Differential diagnosis includes high-grade vascular tumors such as primary angiosarcomas, epithelioid hemangioendotheliomas and lymphangiosarcomas. Immunohistochemical staining is extremely helpful in these cases as these tumors are weakly positive for keratin, strongly positive for CD31, CD34, and factor VIII. Well-differentiated papillary mesothelioma shows papillary architecture with superficial spread and without invasion. They are usually found in the peritoneal cavity of women, but may also occur in the pleura, pericardium and tunica vaginalis testis.
Despite recent advances in chemotherapy, surgery, and radiotherapy, prognosis remains poor for these patients. It is possible that some very early stage tumors have been cured by so-called triple modality therapy: extrapleural pneumonectomy followed by chemotherapy and radiation therapy, but this remains to be proven.
Supplementary Questions:
- Which of the following is true regarding well-differentiated papillary mesotheliomas?
- Invasion is frequently identified.
- Microscopically these tumors are distinctive with papillary architecture and a tendency towards superficial spread without invasion.

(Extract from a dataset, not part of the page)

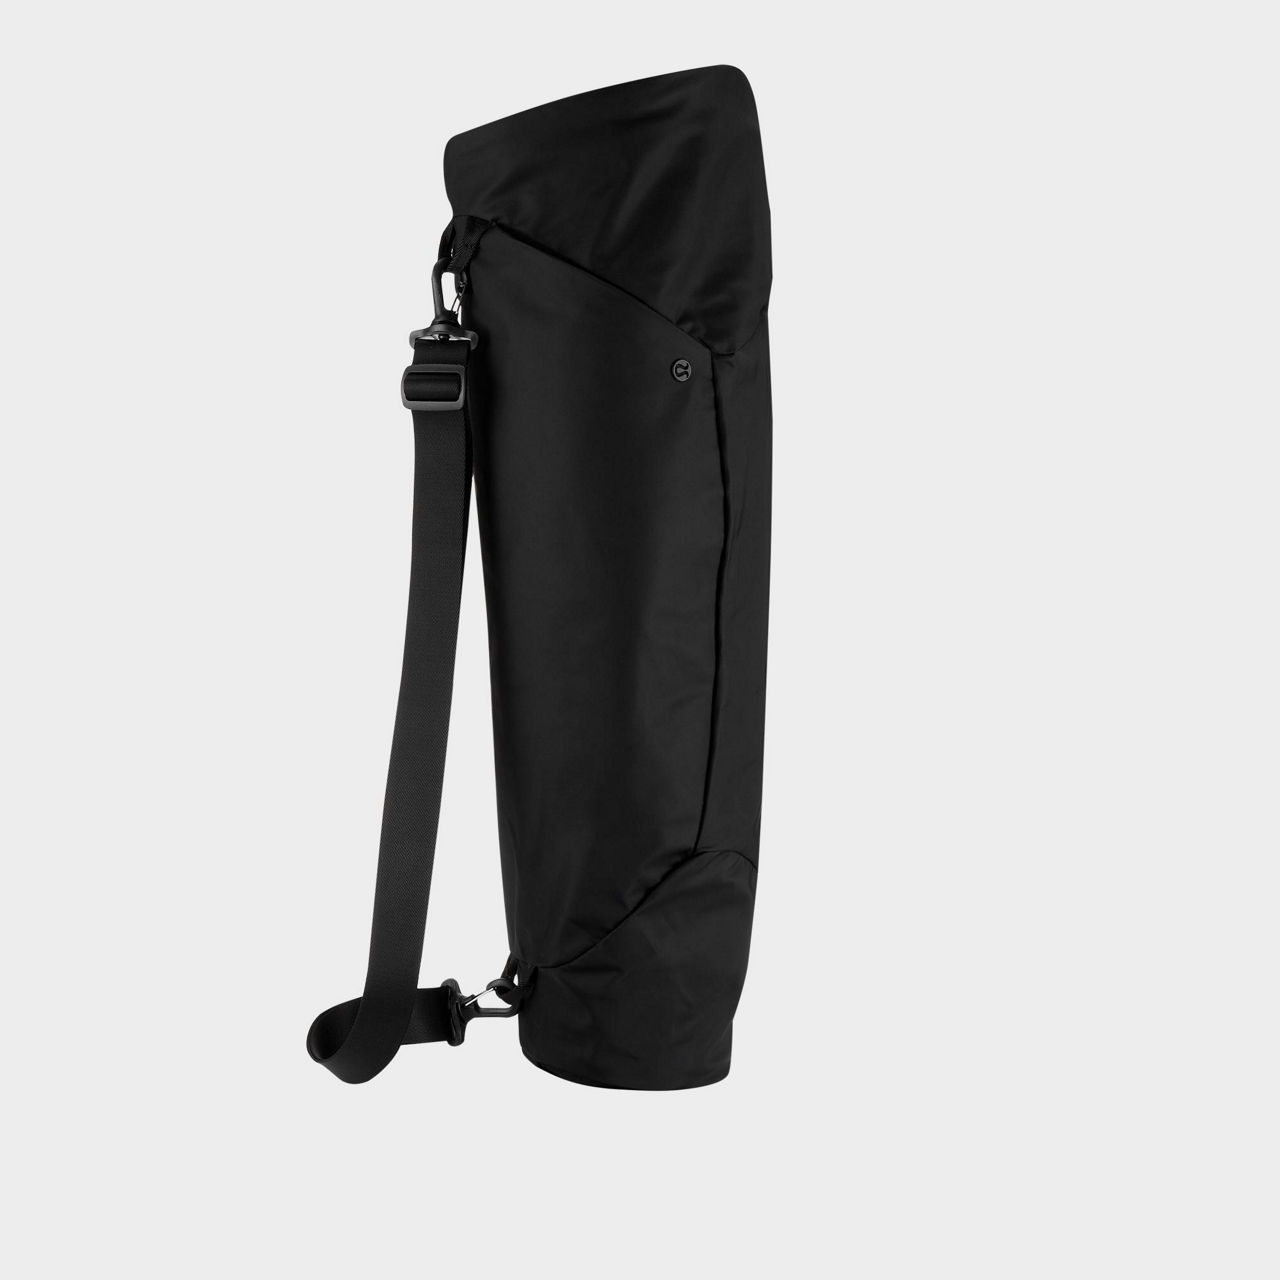 LULULEMON Adjustable Yoga Mat Bag

- Patients frequently present with symptoms and mass-like lesions.
- Patients have a poor prognosis and complete surgical resection is not curative.
- These tumors are usually found in the pleural cavity of men.

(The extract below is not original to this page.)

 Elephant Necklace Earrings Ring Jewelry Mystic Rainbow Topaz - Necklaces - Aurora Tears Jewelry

- Which feature is most helpful in separating benign and malignant mesothelial proliferations?
- Cytologic atypia
- Positive keratin staining
- Presence of necrosis
- Presence of zonation with areas of high cellularity
- True stromal invasion (including fat and adjacent tissues)
- Which of the following tests is most helpful in the distinction of epithelioid mesotheliomas from metastatic adenocarcinomas?
- Demonstrating invasion by cytokeratin stain
- Performing 2 mesothelial and 2 carcinoma markers
- Performing 3 mesothelial markers
- Presence of homozygous deletion of p16 detected by FISH
- Presence of short, stubby microvilli by electron microscopy
References
- Churg A, Cagle PT, Roggli VL. Tumors of the Serosal Membranes: AFIP Atlas of Tumor Pathology. fourth series, fascicle 3. Washington, DC: ARP Press; 2006Fletcher CD. Diagnostic Histopathology of Tumors. 3rd ed. Philadelphia, PA: Elsevier Limited; 2007;7-40.
- Churg A, Colby TV, Cagle P, et al. The separation of benign and malignant mesothelial proliferations. Am J Surg Pathol. 2000;24(9):1183-1200.
- Husain AN, Colby TV, Ordonez NG, et al. Guidelines for pathologic diagnosis of malignant mesothelioma: a consensus statement from the International Mesothelioma Interest Group. Arch Pathol Lab Med. 2009;133(8):1317-1331.
- Ordonez NG. The immunohistochemical diagnosis of mesothelioma: a comparative study of epithelioid mesothelioma and lung adenocarcinoma. Am J Surg Pathol. 2003;27(8):1031-1051.
Author
2014
Kirtee Raparia, MD
Surgical Pathology Committee
Northwestern University
Chicago, IL
Answer Key
- Microscopically these tumors are distinctive with papillary architecture and a tendency towards superficial spread without invasion. (b).
- True stromal invasion (including fat and adjacent tissues) (e).
- Performing 2 mesothelial and 2 carcinoma markers (b).